というわけで「ここと、ここと、ここと、ここも作ってくれない?」と言われ大幅に増えたのだが、その増えた箇所のほとんどが「ヤバい奴」が出てくるシーンだった。以前にどこかでも書いたことがある気がするが、僕は曲を作るときにマインドセットをしっかりとやるタイプで、特定の世界を自分の中に作り込んでから作曲を始める。そういえば渋川清彦さんは、出演するにあたって監督から「狼入れてこい」と言われたそうだ。シーザーを理解するためになんとやらというのは、こういう場合にはうまく機能しないようで、僕はその「ヤバい奴」を何種類か入れる必要があった。この制作のスタイルについて、憑依型のシャーマンのようだと思うことがしばしばある。(脱魂型の人もいるのだろうか)シャーマンが自身に神や霊を憑依させた後に、それを祓ったり抜いたりする儀式が必要なように、僕も毎日就寝前に入れた「ヤバい奴」を抜く儀式が必要だった。うまくいかないとよく眠れなかったり悪夢を見たりする。悪夢は好きなので大歓迎だが、眠れないのは心身によくない。いずれこれを利用していい感じの悪夢を積極的に見る方法を編み出そうと思う。
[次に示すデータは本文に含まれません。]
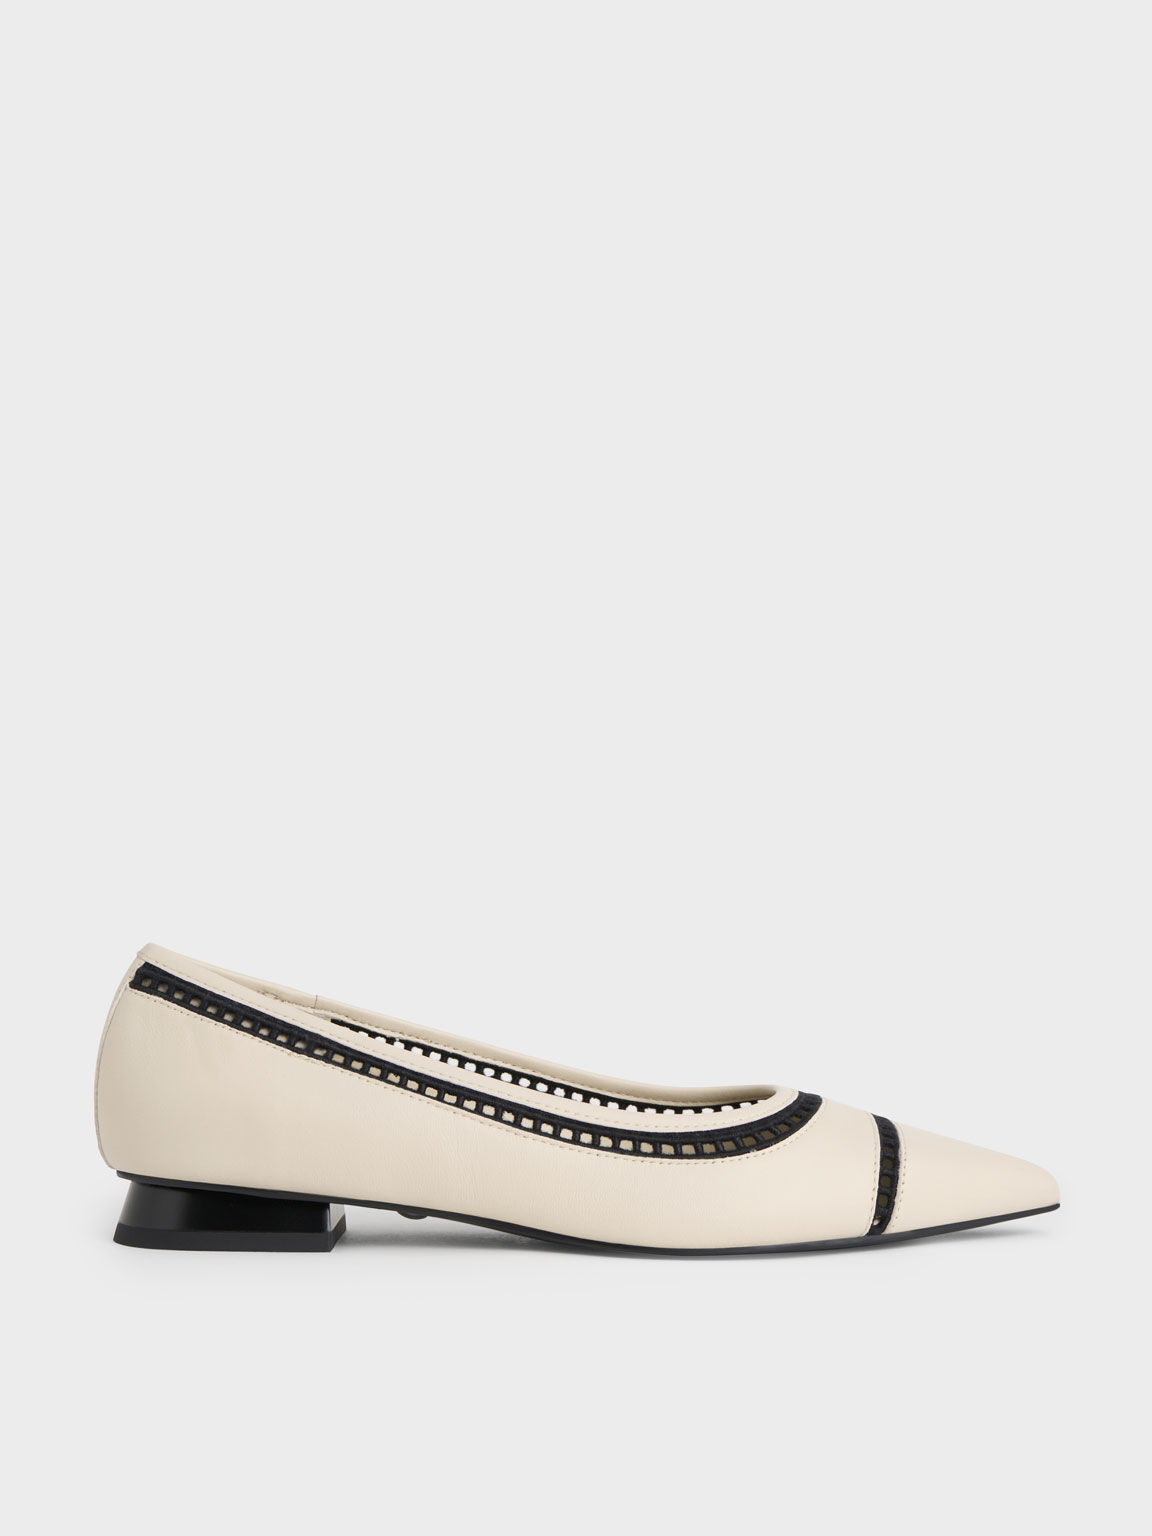 Charles & Keith Classic Ballet Flats brown elegant Shoes Ballerinas

制作に集中したいタイミングで、ありがたいことに本格的な梅雨が訪れて外界への誘惑を片っ端から断ち切っていってくれた。作業は順調に進んで音楽は仕上がった。そして無事、映画は公開された。ここに至るまでのストーリーが少し雑だが、ネタバレしたくないし、自身の作品を詳しく説明するということほど野暮なこともそうないので、このあたり勘弁してもらいたい。とにかく劇場で観て、何かを感じて欲しい。あ、そうそう、音の最終調整を音響デザインの北田さんと東宝のスタジオで行なったのだが、その時、自分の感覚では程よく心地良い感じで音圧や低音の量を調整したので、まさか公開後に爆音や轟音と言った感想がたくさん出てくるとは思わなかった。物足りないなと思った人は、是非サウンドシステムを積んだパーティーに遊びに来てもらいたい。
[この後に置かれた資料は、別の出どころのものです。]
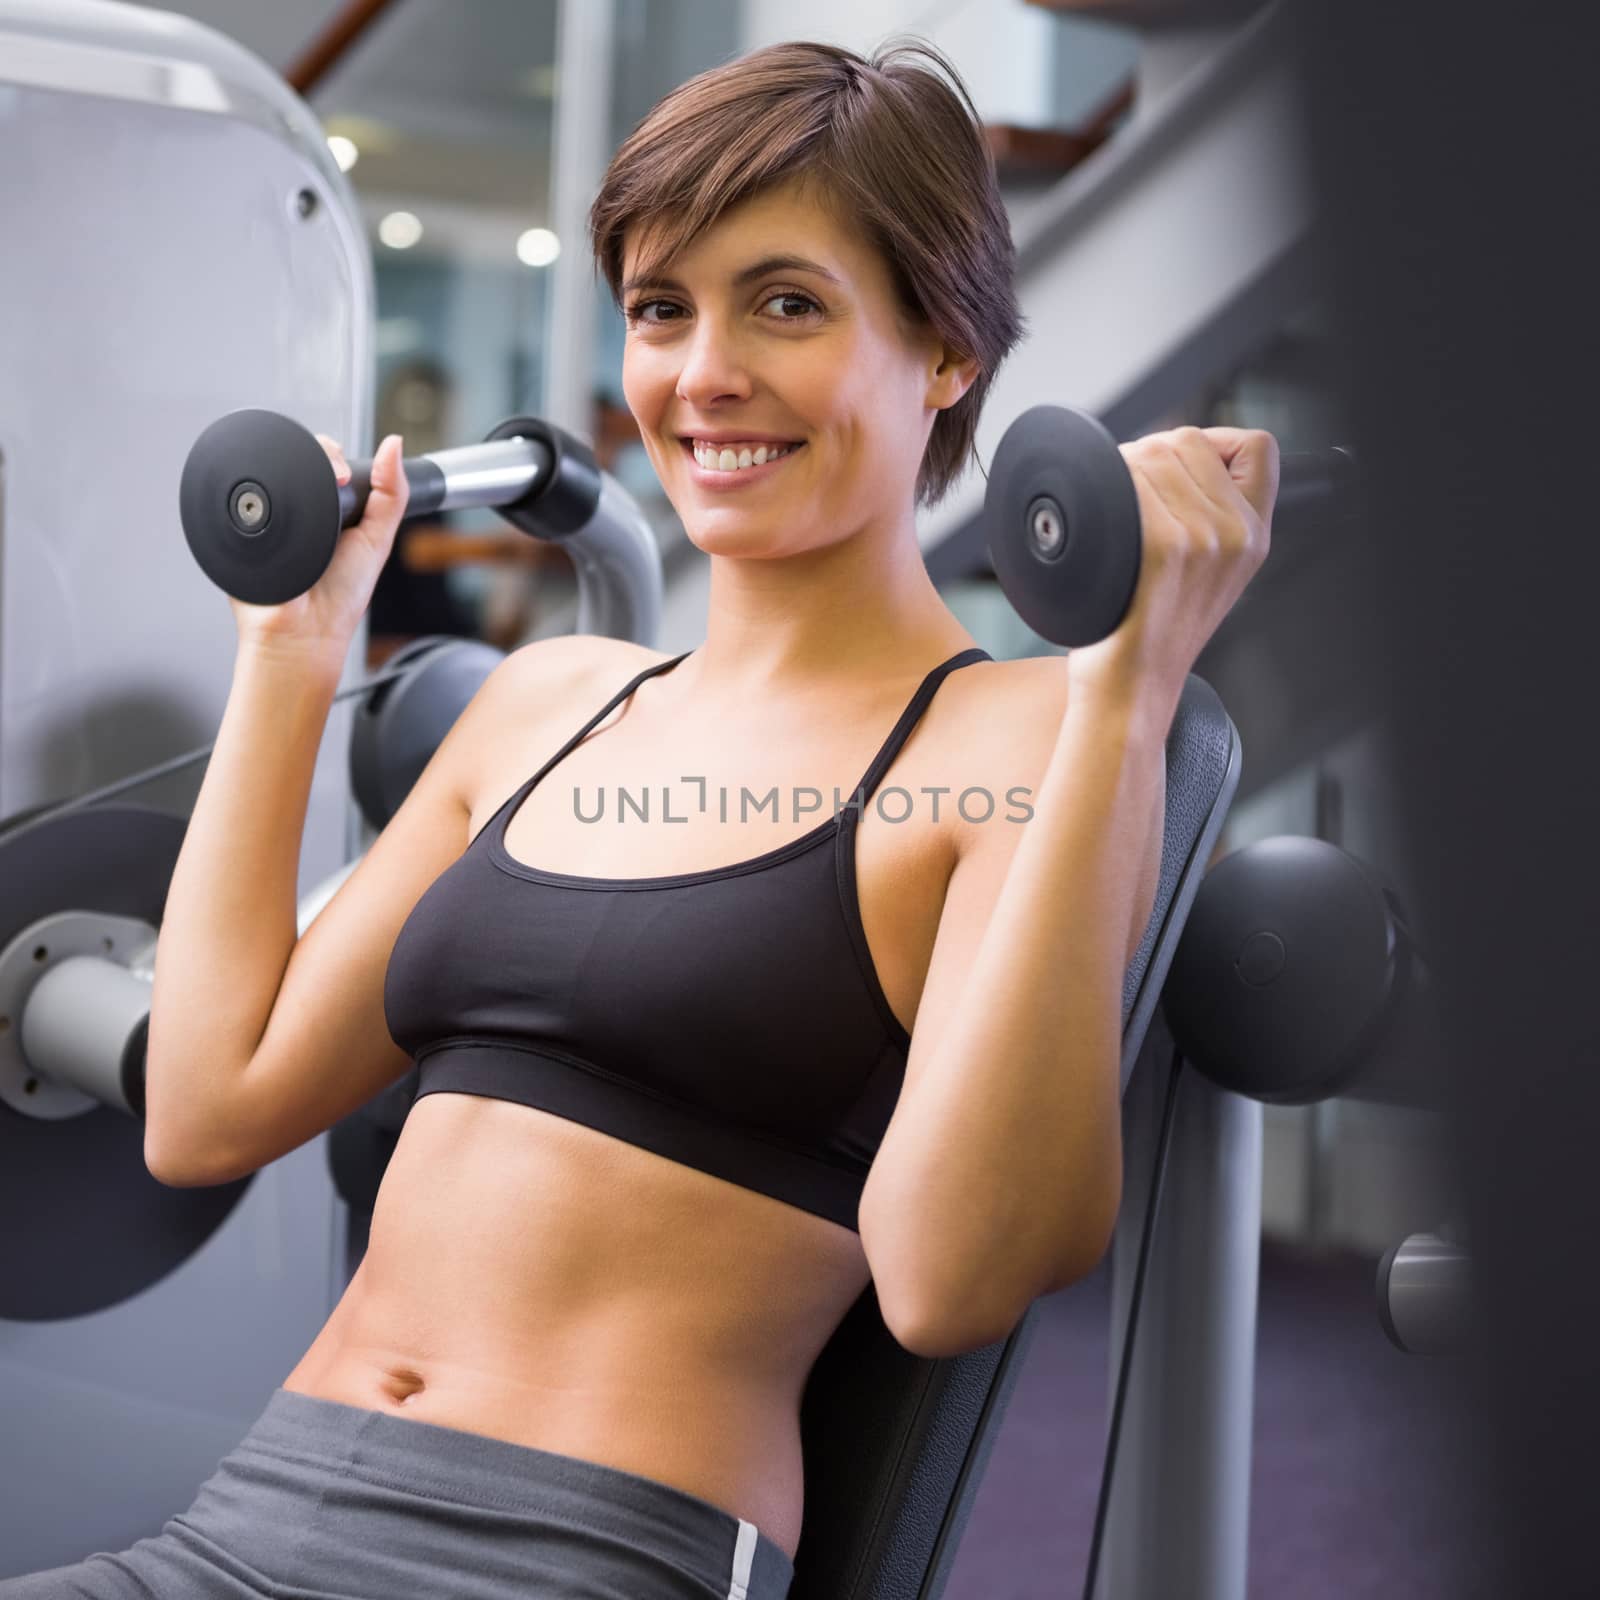 Smiling brunette using weights machine for arms at the gym

そして梅雨が明けて、ここ数日は灼熱の太陽が照りつける日々が数日続いている。「今年は冷夏になります」と言った誰かを恨んでみるが、数日前まで「7月なのに長袖来てるよ!」とか言ってたことを思い出してため息をつく。降り続く雨と肺にカビが生えそうな湿気は非常に不快だったが、もし今年オリンピックをやっていたら気温の面は意外と大丈夫だったかもしれない。そういえば『破壊の日』は当初、あらゆる利権と思惑が絡み合った東京オリンピックに向けて「強欲という疫病を祓う」という目的で構想が始まったそうだ。結果として本物の疫病が訪れて東京オリンピック自体は中止になったが、強欲をはじめ元々人類の中に巣食っていたものが新しい疫病に引き寄せられたかのように噴出し、結果として祓わなければいけないものが増えた。映画の公開前夜に行なわれた前夜祭では渋川さんと切腹ピストルズが宮益御嶽神社で祝詞をあげたあと、渋谷の街で練り歩きを行なった。車道を使ったデモの申請の都合で左折しかできなかった結果、宮益坂を下り、スクランブル交差点を左折し、246を左折、そしてヒカリエとスクランブルスクエアの間を抜けて、宮下公園の前を通るという、見事なまでに強欲の塊の中を抜けて行くコースとなった。Protest Rave をやってる者としても新しい抗議行動の形が見えるような気がして、思わず熱くなってしまった。
特に宮下公園に対しては、渋谷区が公園を Nike に売ってホームレス排除をやっていた頃に抗議活動に参加したこともあって特別ムカついている。弱者やストリートに息づく文化を排除して、金を持ってる “勝ち組” たちのために作られた庭で飲むスターバックスのコーヒーは美味いですか? そこに入ることを拒否されたもの達が視界に入らない高台から眺める渋谷の景色は美しいですか? 空中庭園が限られた者たちのユートピアだって、SFの定番をよく分かっているじゃないか。そしてSFの定番では、もちろんバビロンは滅びる。Babylon must fall.